### [Problem to solve]
Could you give back exactly the lines below from the one with "Falso movimento (1975)" through the one with "Infatti, in questa", without a single picture?

### [Material to process]
──────────────────────────────

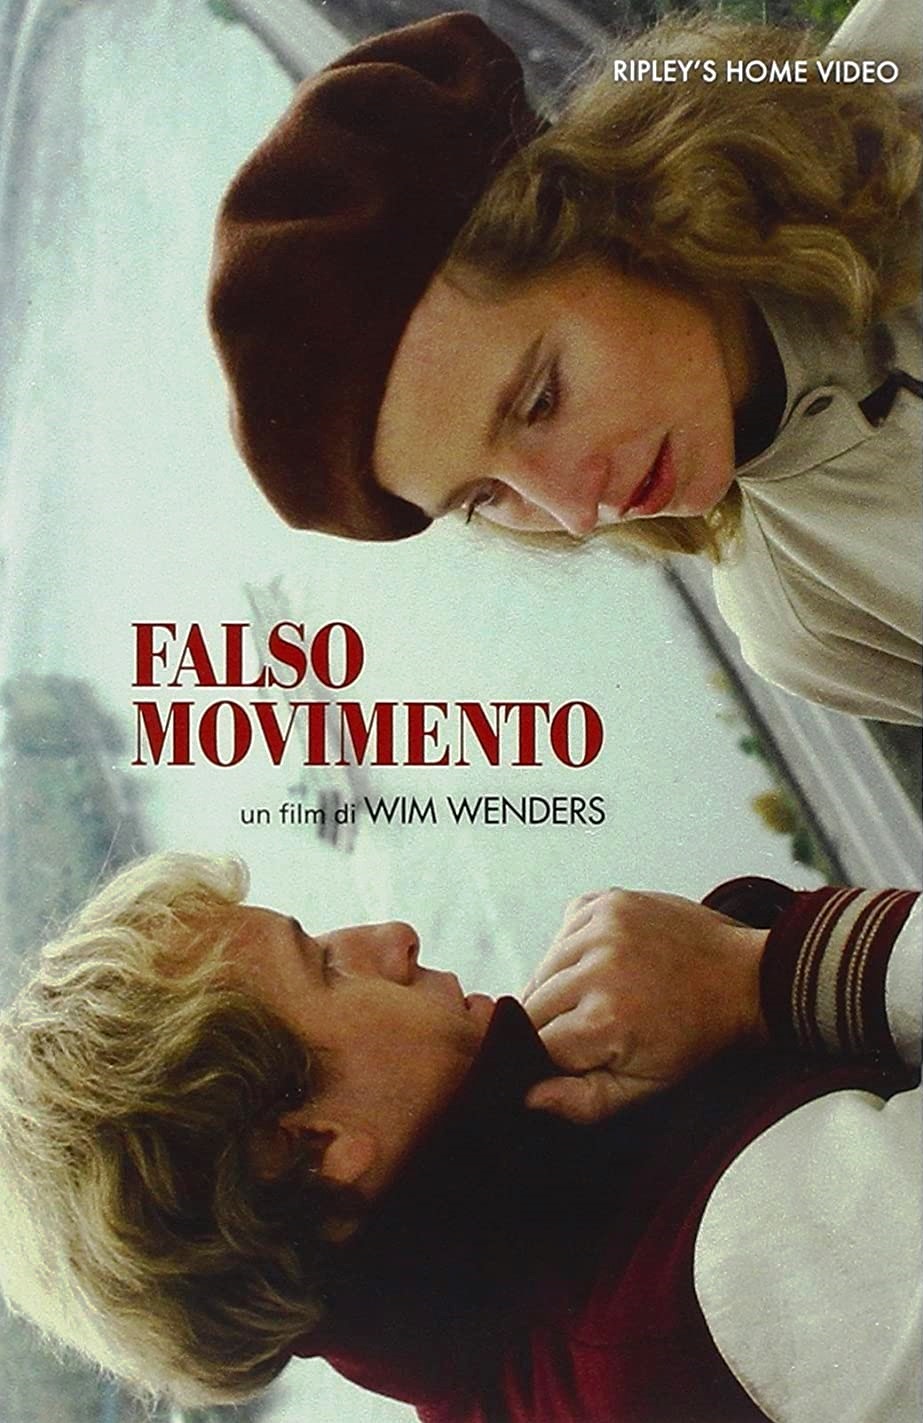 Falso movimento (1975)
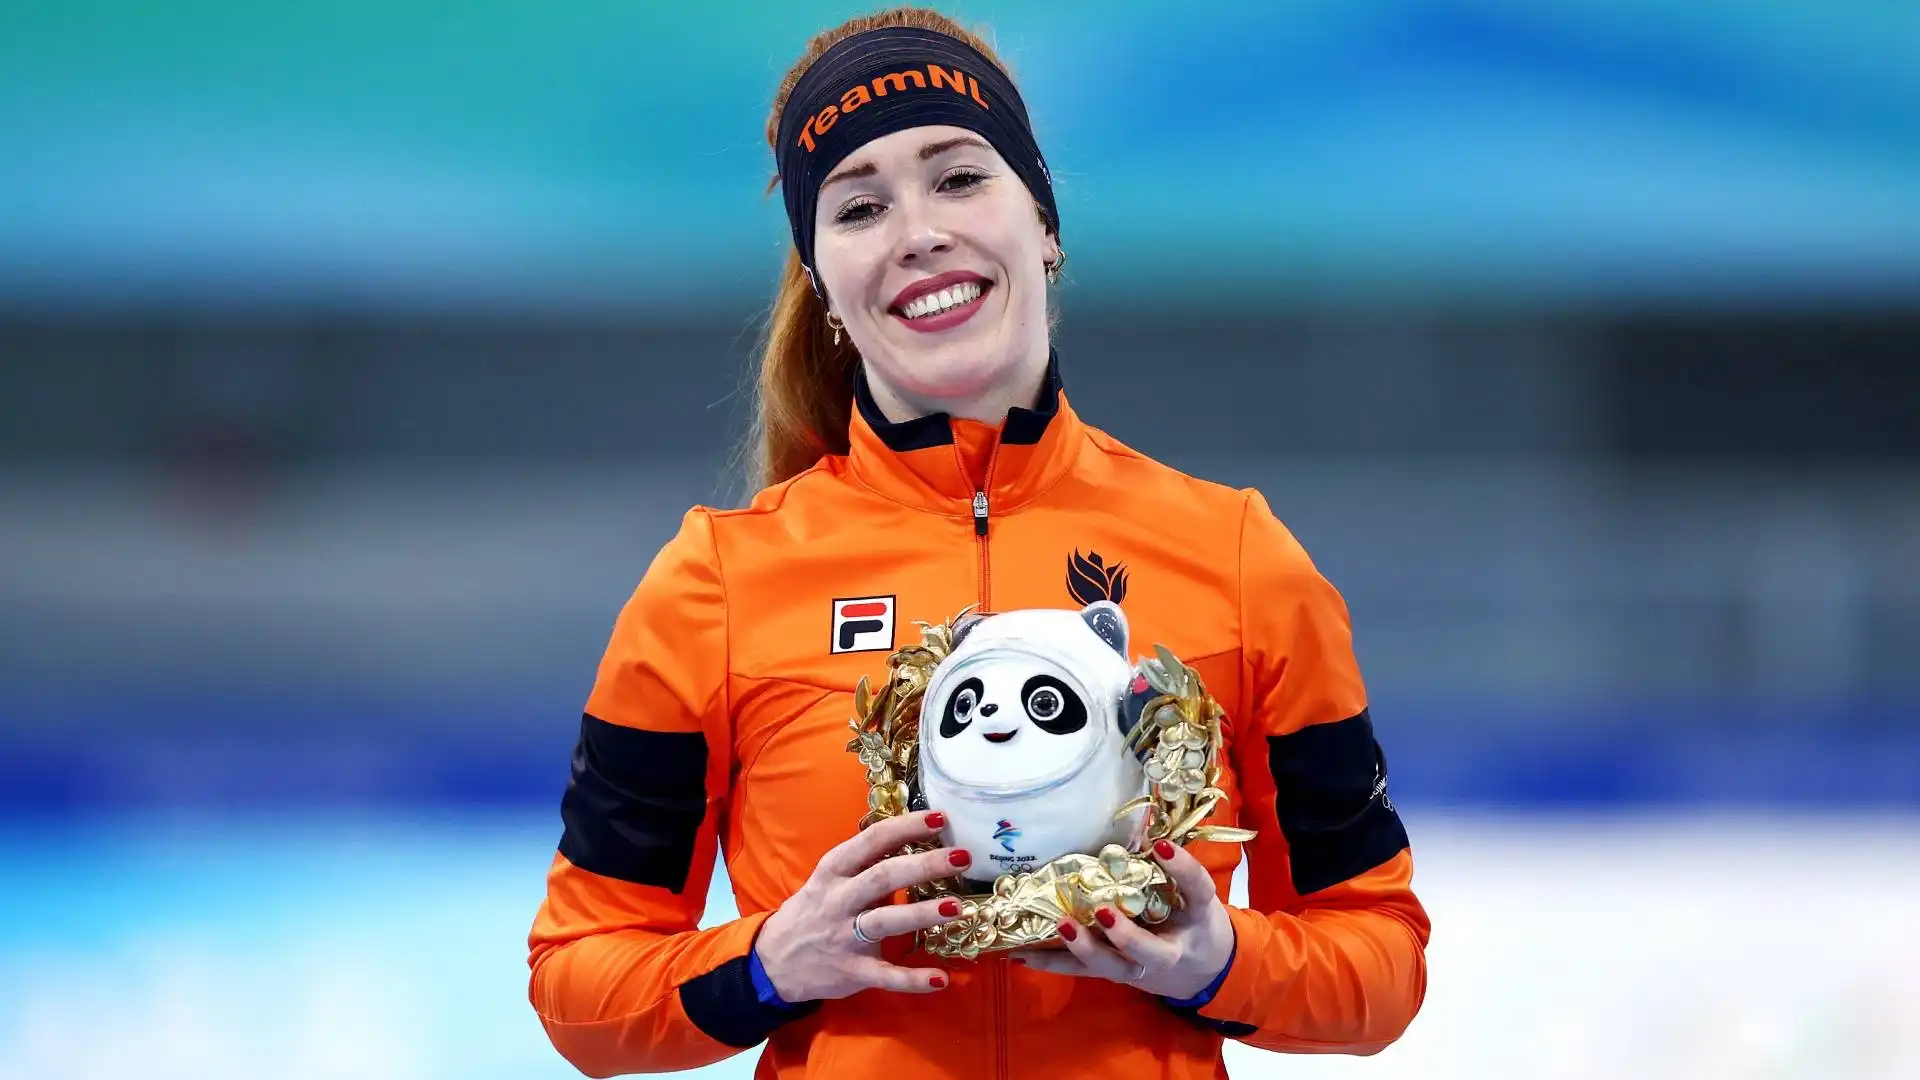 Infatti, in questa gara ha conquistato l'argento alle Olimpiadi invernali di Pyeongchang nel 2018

──────────────────────────────

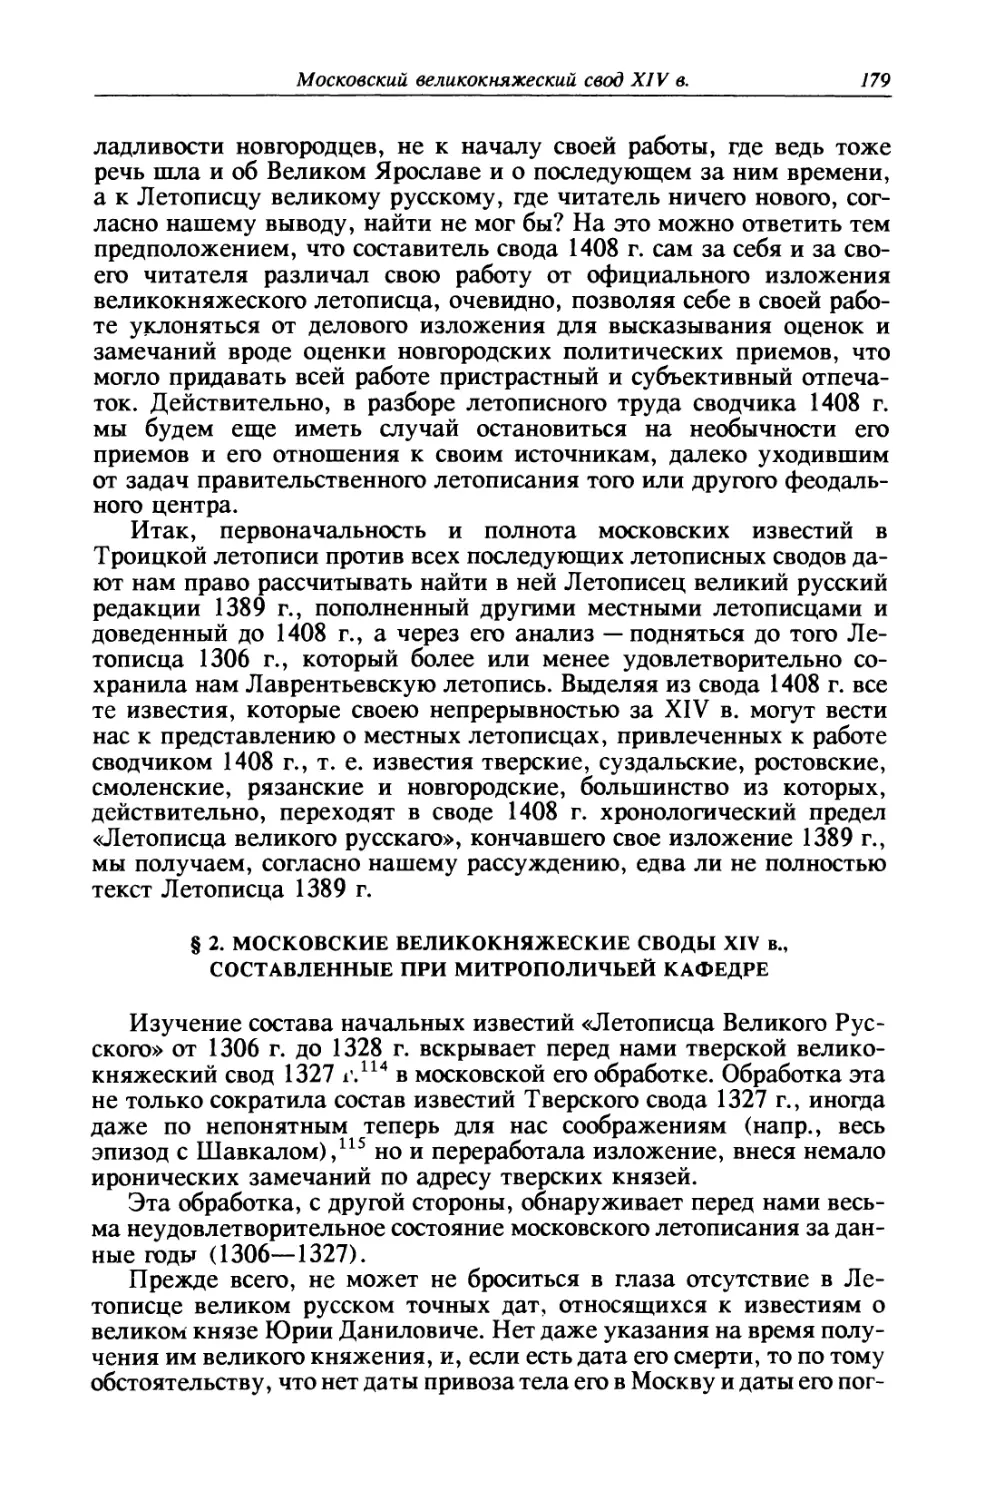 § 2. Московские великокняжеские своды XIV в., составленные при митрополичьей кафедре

──────────────────────────────

### [Output below]
 Falso movimento (1975)
 Infatti, in questa gara ha conquistato l'argento alle Olimpiadi invernali di Pyeongchang nel 2018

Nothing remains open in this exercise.